Le blé, le maïs et les hybrides

La projection débat de Serres-Castet déchaîne les passions! Je m’en réjouis car c’est un signe de démocratie.

Ayant lu, ici et là, qu’on déforme mes propos, je recommande à ceux qui auraient mal compris ce que j’ai dit de regarder mon film « Blé: chronique d’une mort annoncée », diffusée sur ARTE dans le cadre d’une soirée Thema, intitulée « Main basse sur la nature » en 2005.

J’y raconte l’histoire de la céréale dorée, depuis le néolithique jusqu’à nos jours, en présentant notamment le rôle des sélectionneurs – de Vilmoret à Limagrain- pour créer des « variétés améliorées », issues de croisements généalogiques. Leur but était d’augmenter les rendements du blé qui, de fait, sont passés d’environ 10 quintaux l’hectare au début du XXème sicèle à parfois 100 quintaux aujourd’hui. Le prix de cet exploit fut l’usage intensif d’engrais et de pesticides chimiques, qui ont détruit la fertilité des sols, pollué l’environnement et mis en péril la santé des agriculteurs.

Ces « variétés améliorées » ont entraîné une réduction draconienne de la biodiversité du blé, mais n’ont pas empêché les agriculteurs de conserver une partie de leurs récoltes pour ensemencer leurs champs, l’année suivante.

Ce n’est pas le cas des hybrides de maïs inventées par Pioneer Hi- Bred International, la société qu’a créée en 1926, à Des Moines (Iowa) Henri Wallace, vice président des Etats Unis de 1941 à 1945. Pour les semenciers, les hybrides de maïs sont une aubaine, puisqu’ils sont quasiment stériles à la deuxième génération, ce qui contraint les agriculteurs, comme les producteurs du Sud Ouest, à racheter des semences tous les ans, et les rend donc totalement dépendants de l’agroindustrie.

L’hybridation du maïs, une plante allogame à la différence du blé qui est une plante autogame, constitue de facto une stérilisation biologique de la céréale, qui permet aux semenciers de contrôler le très juteux marché des semences. Les semenciers , comme Monsanto, n’ayant pas pu obtenir le même résultat avec les croisements généalogiques du blé, ils se sont rabattus sur les brevets, qui constituent , eux, une stérilisation juridique, qui interdit aux paysans de resemer une partie de leur récolte, sous peine de poursuite.
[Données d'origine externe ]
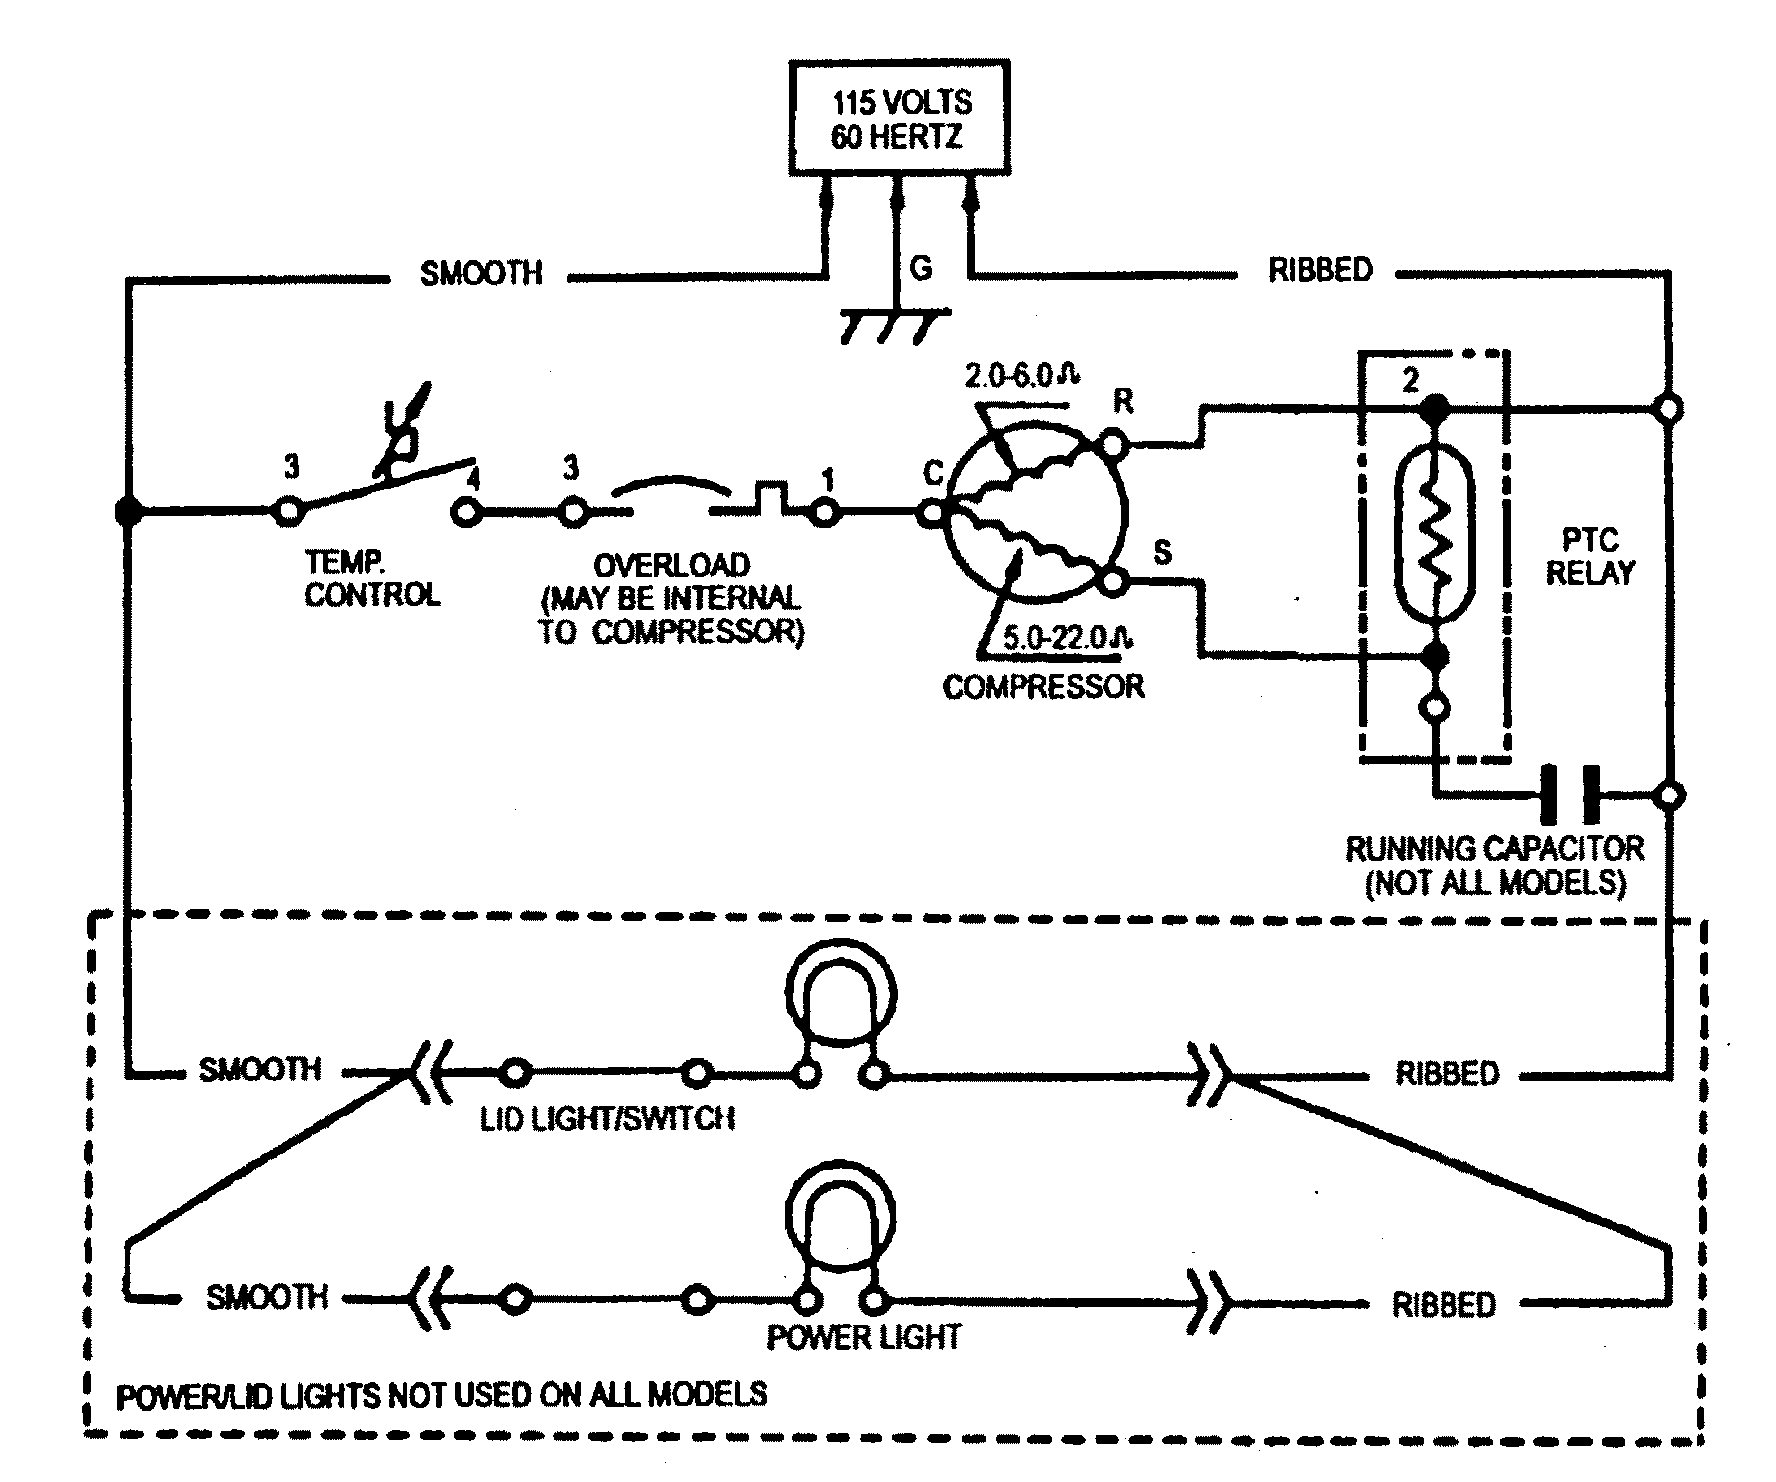 hight resolution of kenmore freezer compressor wiring diagram wiring diagram third level compressor current relay wiring diagram amana model

C’est la « vertu » des OGM, qui sont brevetés. C’est ce que je montre dans mon film « Blé: chronique d’une mort annoncée » où je raconte comment Monsanto a échoué à mettre sur le marché un blé transgénique, résistant au roundup, qui aurait bouleversé les pratiques millénaires des paysans, y compris dans les prairies canadiennes, où les grands producteurs de blé n’achètent de nouvelles semences qu’environ tous les dix ans.

Le film est en ligne sur mon Blog en deux parties.

Serres Castet, suite!

Voici l’article publié par Sud Ouest sur la projection débat de Serres Castet qui fait couler tellement d’encre, ce qui est une bonne chose car cela permet de faire tomber les masques!

Par ailleurs, j’invite les internautes à lire cette interview de l’économiste Marion Desquilbet, invitée en août 2009 par la mission Agrobiosciences.

Je partage entièrement son analyse: les OGM ont été inventés par des firmes de la chimie pour permettre de vendre des pesticides et ils ne résoudront en rien le problème de la fin dans le monde.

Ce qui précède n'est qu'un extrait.